Further, the outputting all optimal individuals of each generation, the feature combination of all optimal individuals is used for assisting in judging whether the Parkinson's disease exists, and the method comprises the following steps:

selecting the optimal individuals from the new generation of population and storing the optimal individuals in an external set, and if the optimal individuals in the current generation are better than the optimal individuals stored in the external set in the old population, emptying the external set and then storing the optimal individuals in the current generation; if the current generation optimal individuals are equivalent to the optimal individuals stored in the external set before in the adaptive value, judging whether the current generation optimal individuals are repeated, adding the external set without repeating the current generation optimal individuals, and abandoning the repetition; if the current generation optimal individuals are worse than the optimal individuals stored in the external set before, directly abandoning the current generation optimal individuals; thus, the outer set is continuously updated with the evolution algebra; when the search is finished, all optimal individuals of each generation of external set are output, and the characteristic combination of the optimal individuals represents each scheme which can correctly judge the Parkinson's disease.

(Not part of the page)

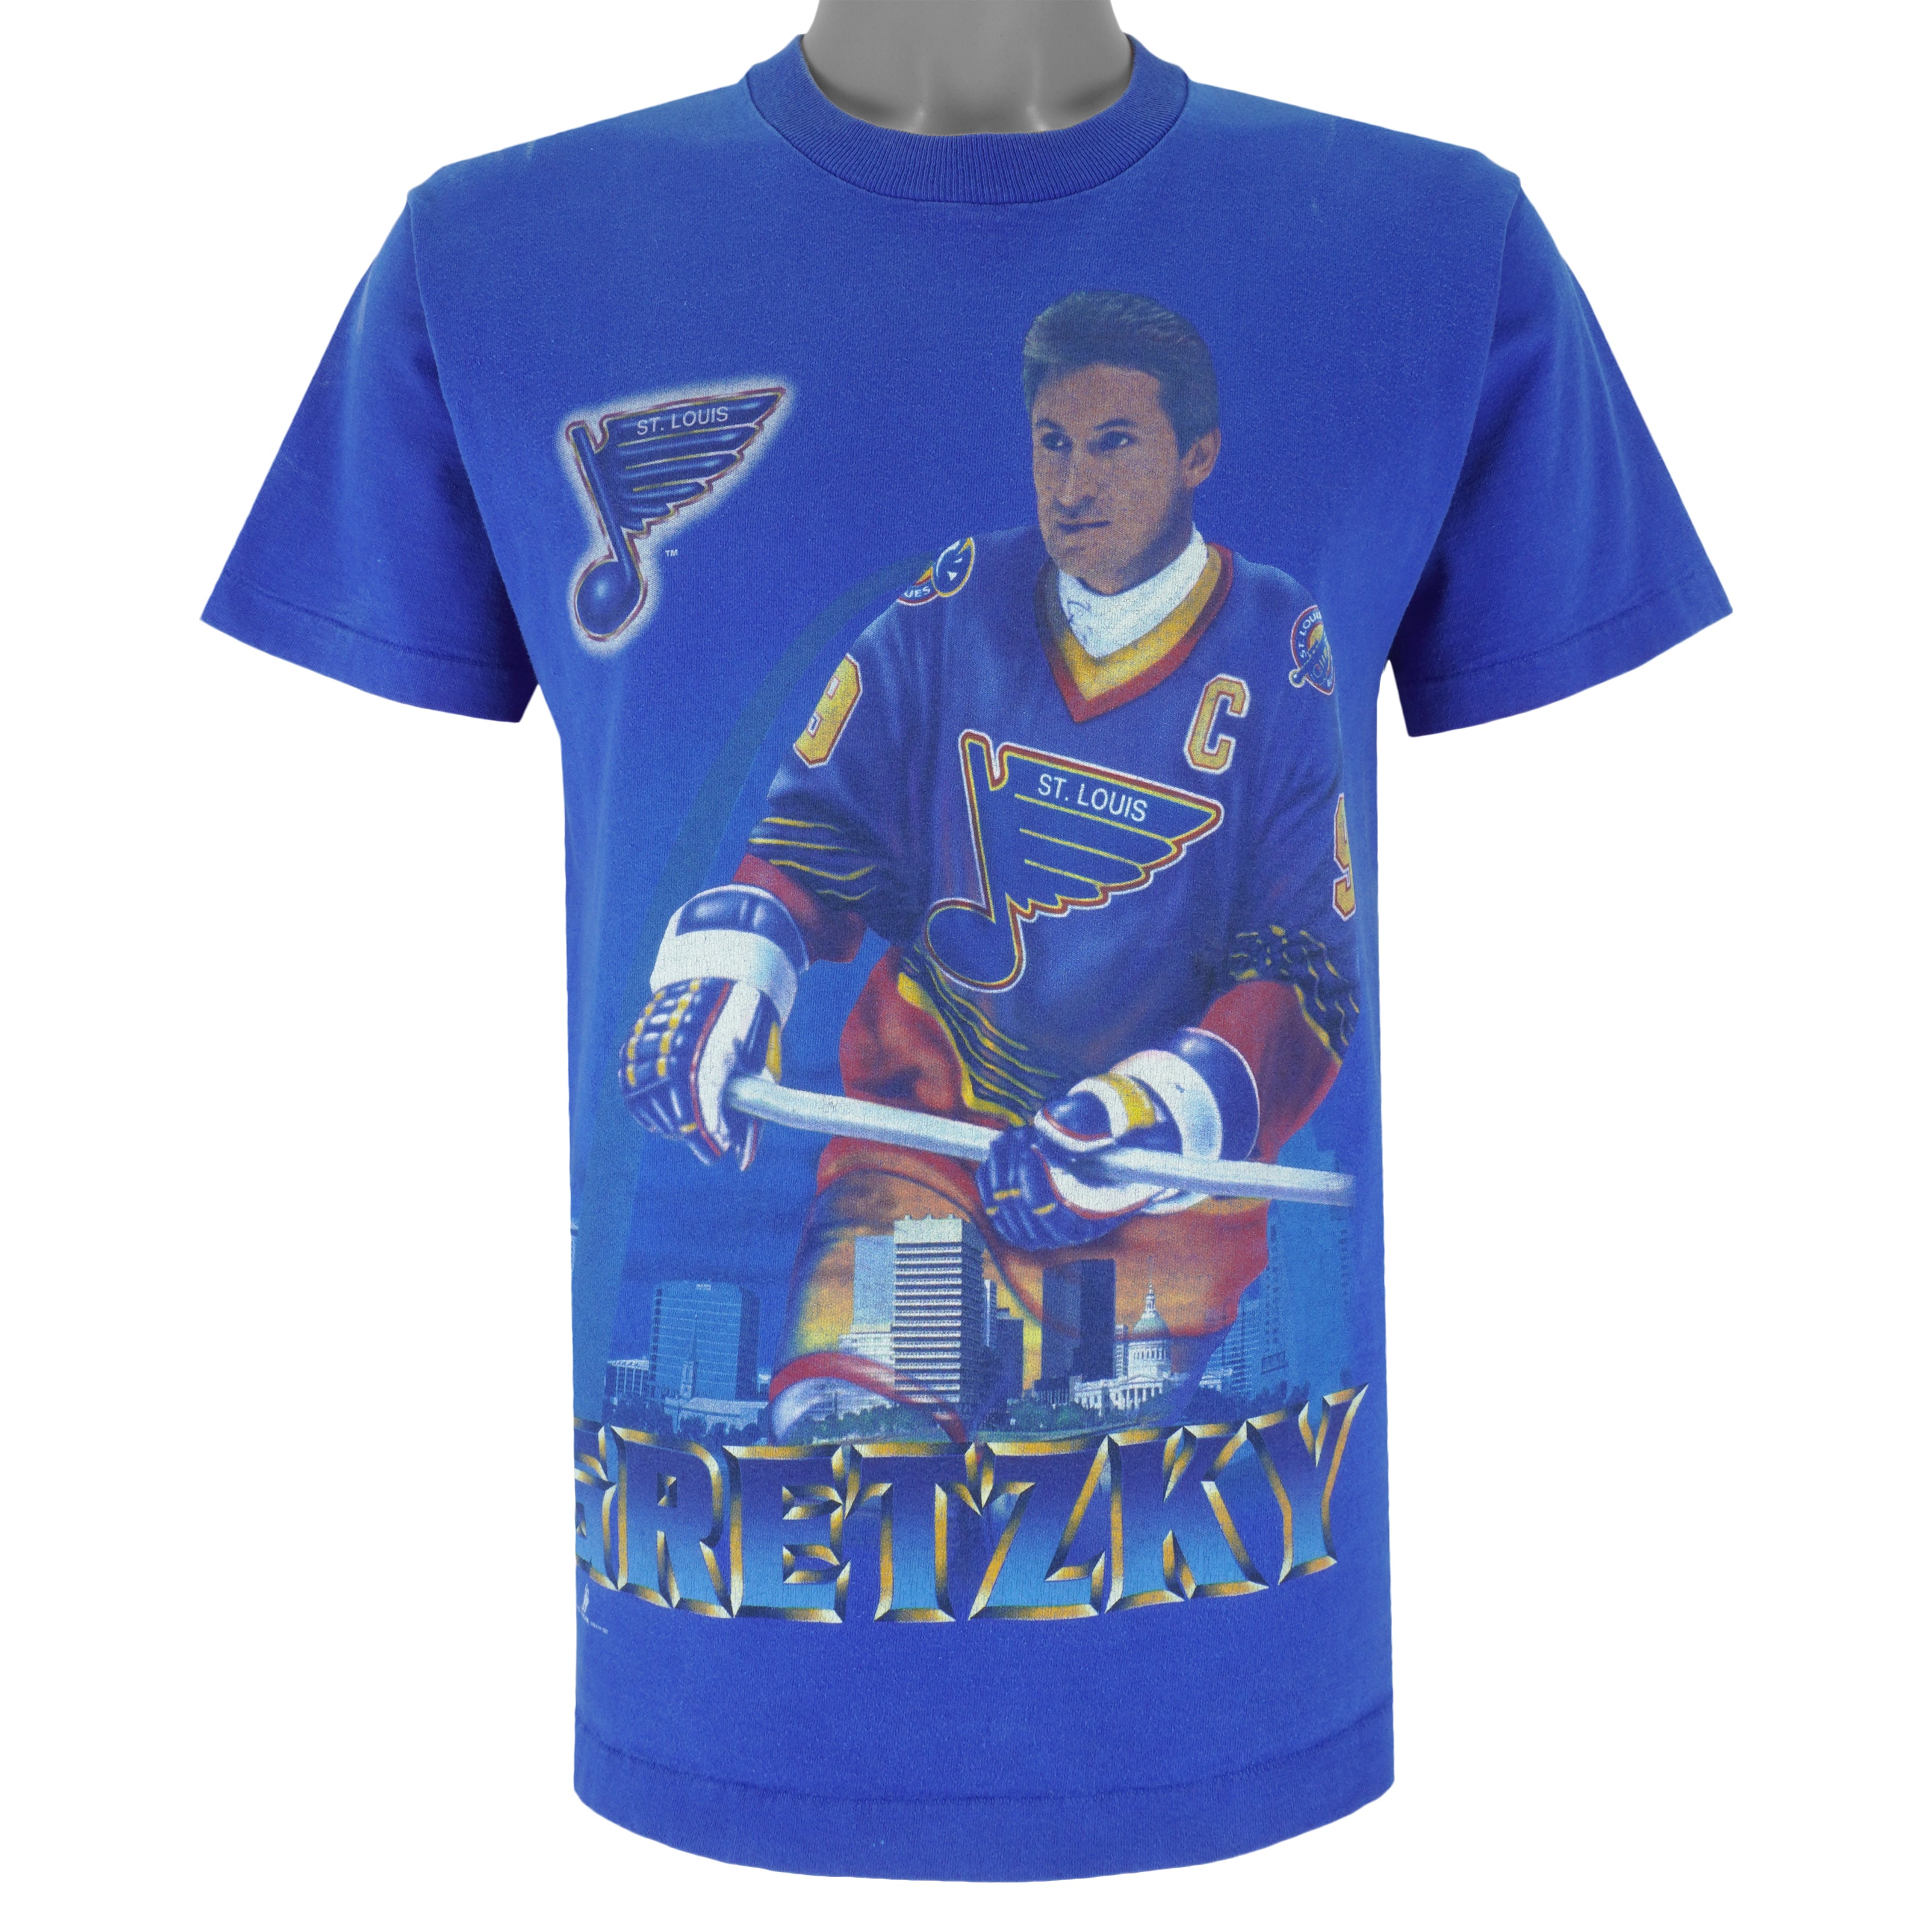 St. Louis Blues Jerseys & Teamwear, NHL Merchandise

A multi-modal feature selection apparatus for optimizing parkinson's speech data, comprising:

the input module is used for extracting original Parkinson voice data, determining attributes and labels and establishing a Parkinson voice data set; wherein the attribute represents the collection standard of the voice data, and the label represents whether the person corresponding to the voice data is healthy or sick;

the initialization module is used for initializing a population based on a particle swarm algorithm and initializing the position range of an individual according to the dimensionality of the Parkinson voice data set so as to determine a search space; determining a characteristic character string of an individual according to a real number coding scheme;

the dividing module is used for randomly dividing the whole population according to the individual adaptive value and dividing the individuals in the population into niches;

the individual updating module is used for updating the historical optimal value and the historical optimal position of each individual and guiding the searching direction of the individual; updating the position and the adaptive value of the optimal individual in each niche, taking the optimal individual of each niche as the global optimal individual of all the individuals of the niche, and further guiding the search direction of the individual;

the population updating module is used for updating the position and the speed of each individual and evaluating the adaptive value of each individual by combining the Parkinson voice data set according to the characteristic character string of each individual; taking the updated individuals as a new population, and comparing the new population with the old population to obtain a new generation of population;

the screening module is used for screening the new generation population and the old population, reserving the optimal individuals of the two populations, and eliminating repeated individuals to obtain the new generation population for evolution;

the output module is used for outputting all the optimal individuals of each generation; all the combinations of features of the optimal individuals will be applied for prediction of parkinson's disease.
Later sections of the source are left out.